Re: [PATCH] Retry acquiring reference locks for 100ms

Jeff King <peff@xxxxxxxx> · Thu, 24 Aug 2017 07:44:04 -0700

On Mon, Aug 21, 2017 at 01:51:34PM +0200, Michael Haggerty wrote:

> The philosophy of reference locking has been, "if another process is
> changing a reference, then whatever I'm trying to do to it will
> probably fail anyway because my old-SHA-1 value is probably no longer
> current". But this argument falls down if the other process has locked
> the reference to do something that doesn't actually change the value
> of the reference, such as `pack-refs` or `reflog expire`. There
> actually *is* a decent chance that a planned reference update will
> still be able to go through after the other process has released the
> lock.
> 
> So when trying to lock an individual reference (e.g., when creating
> "refs/heads/master.lock"), if it is already locked, then retry the
> lock acquisition for approximately 100 ms before giving up. This
> should eliminate some unnecessary lock conflicts without wasting a lot
> of time.

It will probably comes as little surprise to others on the list that
I agree with the intent of this patch. This version is cleaned up a
little from what we're running at GitHub right now, so I'll try to
review with fresh eyes.

> diff --git a/Documentation/config.txt b/Documentation/config.txt
> index d5c9c4cab6..2c04b9dfb4 100644
> --- a/Documentation/config.txt
> +++ b/Documentation/config.txt
> @@ -776,6 +776,12 @@ core.commentChar::
>  If set to "auto", `git-commit` would select a character that is not
>  the beginning character of any line in existing commit messages.
>  
> +core.filesRefLockTimeout::
> +	The length of time, in milliseconds, to retry when trying to
> +	lock an individual reference. Value 0 means not to retry at
> +	all; -1 means to try indefinitely. Default is 100 (i.e.,
> +	retry for 100ms).
> +
>  core.packedRefsTimeout::
>  	The length of time, in milliseconds, to retry when trying to
>  	lock the `packed-refs` file. Value 0 means not to retry at

Do we need a separate config from packedRefsTimeout that is in the
context? I guess so, since the default values are different. And
rightfully so, I think, since writing a packed-refs file is potentially
a much larger operation (being O(n) in the number of refs rather than a
constant 40 bytes).

It probably doesn't matter all that much either way, as I wouldn't
expect people to need to tweak either of these in practice.

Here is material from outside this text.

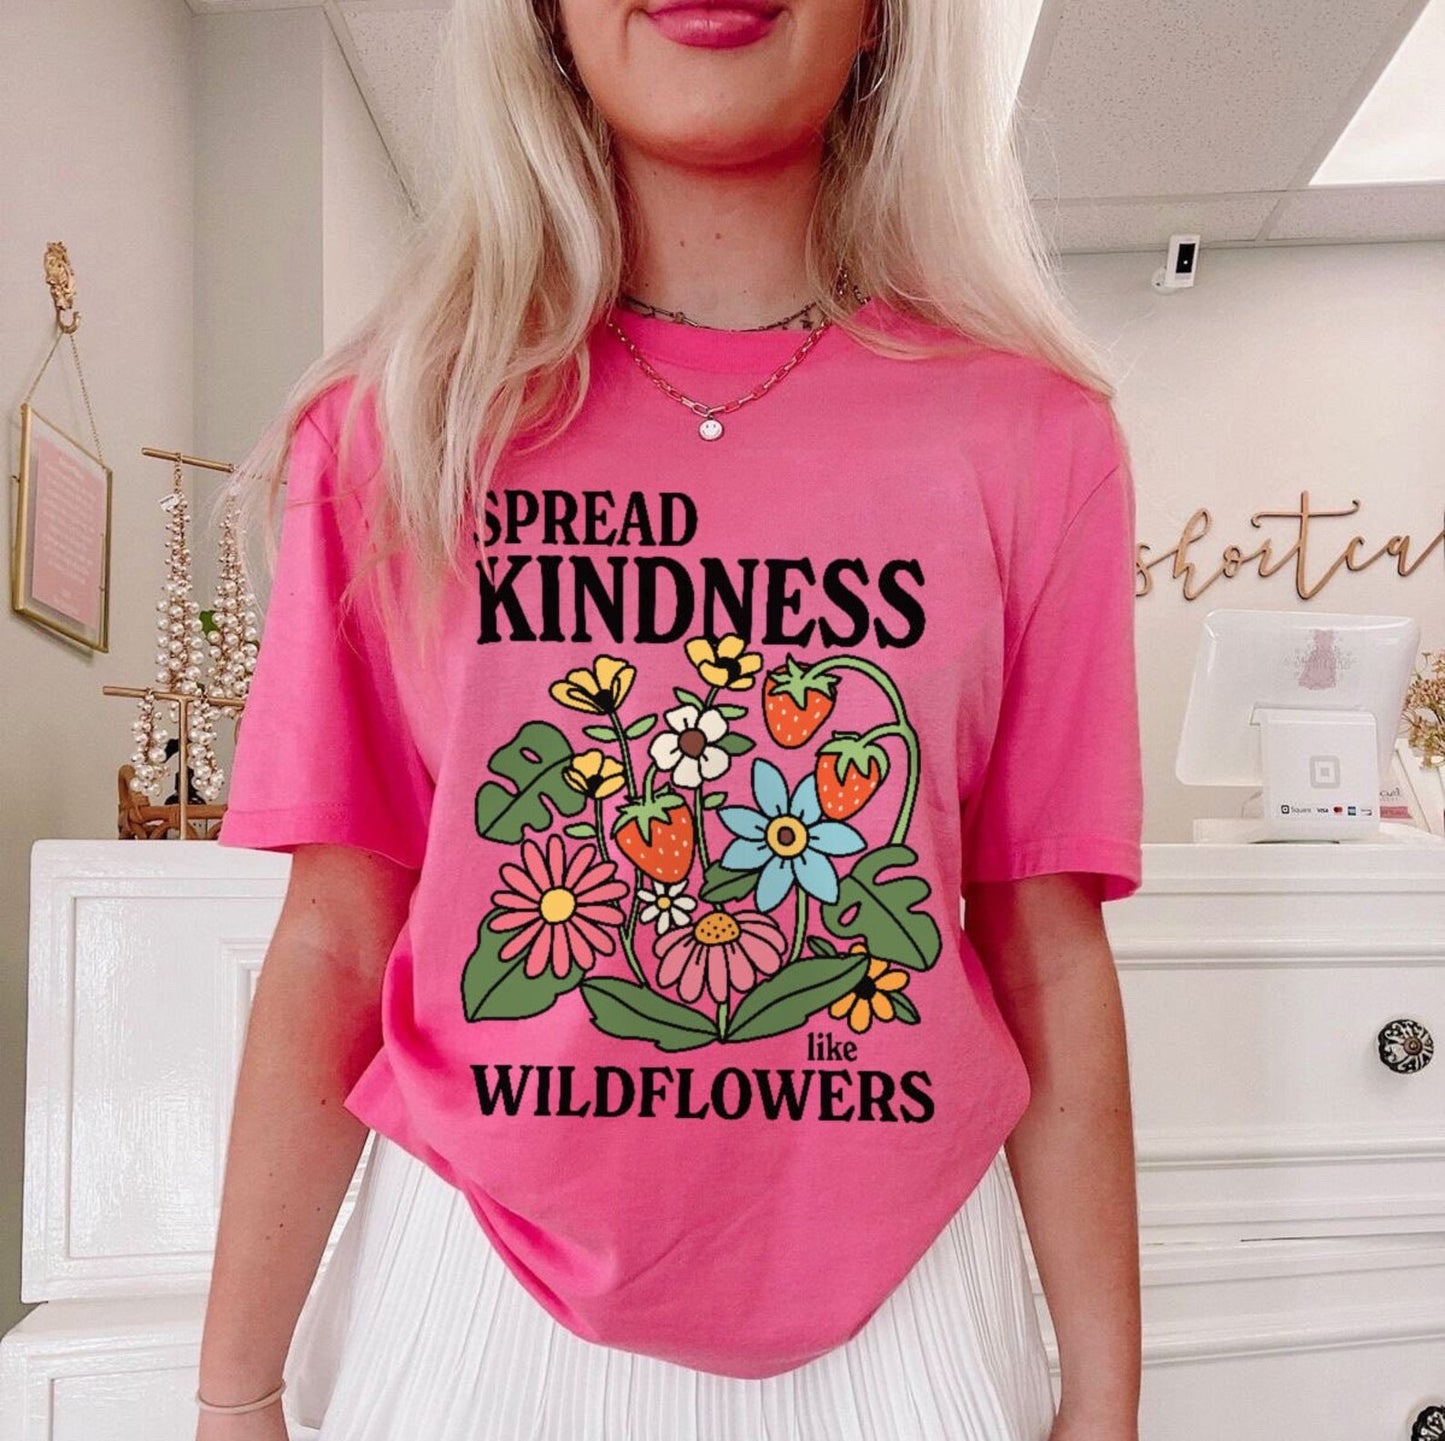 'Spread Kindness like wildflowers' T-shirt

At some point when we have another ref backend that needs to take a
global lock, we'd probably have a third timeout. If we were starting
from scratch, I'd suggest that these might be part of refstorage.files.*
instead of core.*. And then eventually we might have
refstorage.reftable.timeout, refstorage.lmdb.timeout, etc.

But since core.packedRefsTimeout has already sailed, I'm not sure it's
worth caring about.

> diff --git a/refs.c b/refs.c
> index fe4c59aa8b..29dbb9b610 100644
> --- a/refs.c
> +++ b/refs.c
> @@ -561,6 +561,21 @@ enum ref_type ref_type(const char *refname)
>         return REF_TYPE_NORMAL;
>  }
>  
> +long get_files_ref_lock_timeout_ms(void)
> +{
> +	static int configured = 0;
> +
> +	/* The default timeout is 100 ms: */
> +	static int timeout_ms = 100;
> +
> +	if (!configured) {
> +		git_config_get_int("core.filesreflocktimeout", &timeout_ms);
> +		configured = 1;
> +	}
> +
> +	return timeout_ms;
> +}

This reads the config value into a static local that gets cached for the
rest of the program run, and there's no way to invalidate the cache. I
think that should be OK, as we would never hit the ref code until we've
actually initialized the repository, at which point we're fairly well
committed.

(I'm a little gun-shy because I used a similar lazy-load pattern for
core.sharedrepository a while back, and those corner cases bit us. But
there it was heavily used by git-init, which wants to "switch" repos
after having loaded some values).

> @@ -573,7 +588,9 @@ static int write_pseudoref(const char *pseudoref, const unsigned char *sha1,
>  	strbuf_addf(&buf, "%s\n", sha1_to_hex(sha1));
>  
>  	filename = git_path("%s", pseudoref);
> -	fd = hold_lock_file_for_update(&lock, filename, LOCK_DIE_ON_ERROR);
> +	fd = hold_lock_file_for_update_timeout(&lock, filename,
> +					       LOCK_DIE_ON_ERROR,
> +					       get_files_ref_lock_timeout_ms());
>  	if (fd < 0) {
>  		strbuf_addf(err, "could not open '%s' for writing: %s",
>  			    filename, strerror(errno));

The rest of the patch looks obviously correct to me. The one thing I
didn't audit for was whether there were any calls that _should_ be
changed that you missed. But I'm pretty sure based on our previous
off-list discussions that you just did that audit.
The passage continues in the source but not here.